SkyCiv-documentatie

Uw gids voor SkyCiv-software - tutorials, handleidingen en technische artikelen

SkyCiv Foundation

  1. Huis
  2. SkyCiv Foundation
  3. Stapels
  4. NET ZO 2159 & 3600 Beton stapel ontwerp

NET ZO 2159 & 3600 Beton stapel ontwerp

Enkelpolig ontwerp volgens AS 2159 (2009) & 3600 (2018)

Bij hoge zijdelingse belasting of ongunstige bodemgesteldheid, paalfundering heeft meer de voorkeur boven ondiepe funderingen. Er kunnen pogingen worden ondernomen, zoals methoden voor bodemmodificatie, om palen te voorkomen, echter, deze methoden kunnen dure processen met zich meebrengen, waarin dit geval, stapels misschien zelfs goedkoper.

De SkyCiv Foundation Design-module omvat het ontwerp van palen conform het American Concrete Institute (ACI 318) en Australische normen (NET ZO 2159 & 3600).

Wil je de Foundation Design-software van SkyCiv proberen?? Met onze gratis tool kunnen gebruikers lastdragende berekeningen uitvoeren zonder download of installatie!

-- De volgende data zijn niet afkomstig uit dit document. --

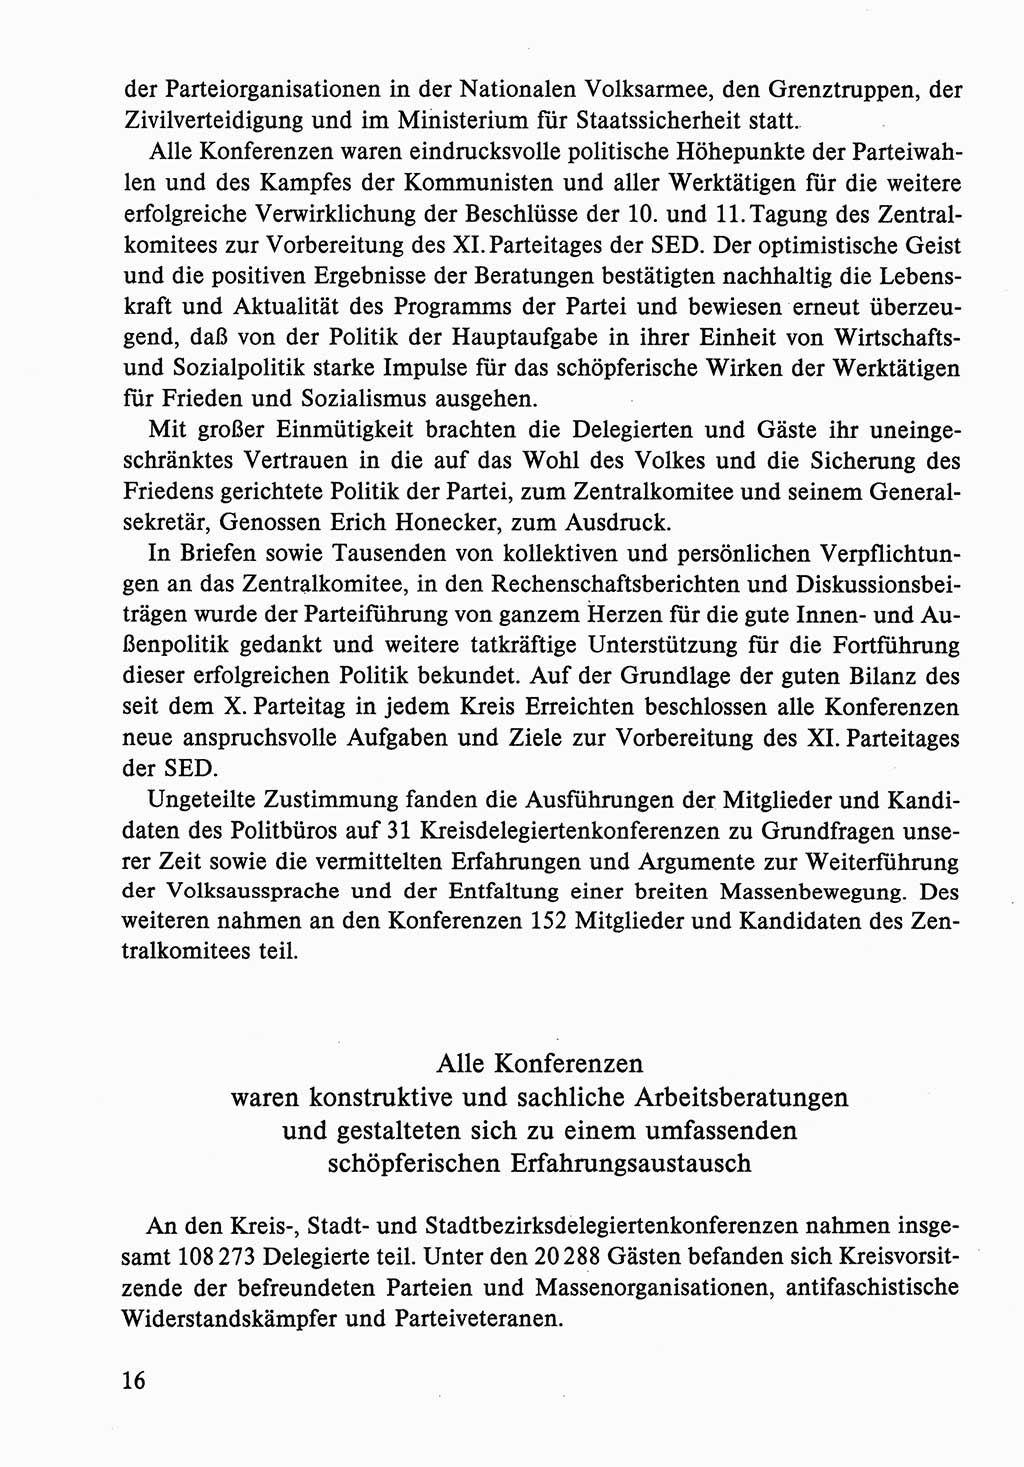 Dokumente der Sozialistischen Einheitspartei Deutschlands (SED) [Deutsche Demokratische Republik (DDR)] 1986-1987, Seite 16 (Dok. SED DDR 1986-1987, S. 16)

Ontwerp geotechnische sterkte van een paal

Verticale belastingen die op palen worden uitgeoefend, worden gedragen door het eindlager van de paal en de huid- of schachtwrijving over de lengte ervan. Het ontwerp geotechnische sterkte (Rd,g) is gelijk aan de ultieme geotechnische sterkte (Rd,En) vermenigvuldigd met een geotechnische reductiefactor (Og) zoals gespecificeerd op NET ZO 2159 Sectie 4.3.1.

\({R}_{d,g} = {O}_{g} × {R}_{d,En}\) (1)

Rd,g = Ontwerp geotechnische sterkte

Rd,En = Ultieme geotechnische sterkte

Og = Geotechnische reductiefactor

Ultieme geotechnische kracht (Rd,En)

De uiteindelijke geotechnische sterkte is gelijk aan de som van de meegerekende huidwrijving van de paal (fm,s ) vermenigvuldigd met het laterale oppervlak en de basisweerstand vermenigvuldigd met het dwarsdoorsnedeoppervlak aan de punt van de paal.

\( {R}_{d,En} = [{R}_{s} × ({f}_{m,s} × {EEN}_{s} )] + ({f}_{b} × {EEN}_{b} )\) (2)

Rs = Reductiefactor voor asweerstand

fm,s = Schachtwrijvingsweerstand

EENs = Zijoppervlak

fb = Basisweerstandsterm

EENb = Dwarsdoorsnedeoppervlak aan de punt van de paal

Voor een meer gedetailleerde gids, bekijk ons ​​artikel over rekenen de huidwrijvingsweerstand en het einddraagvermogen.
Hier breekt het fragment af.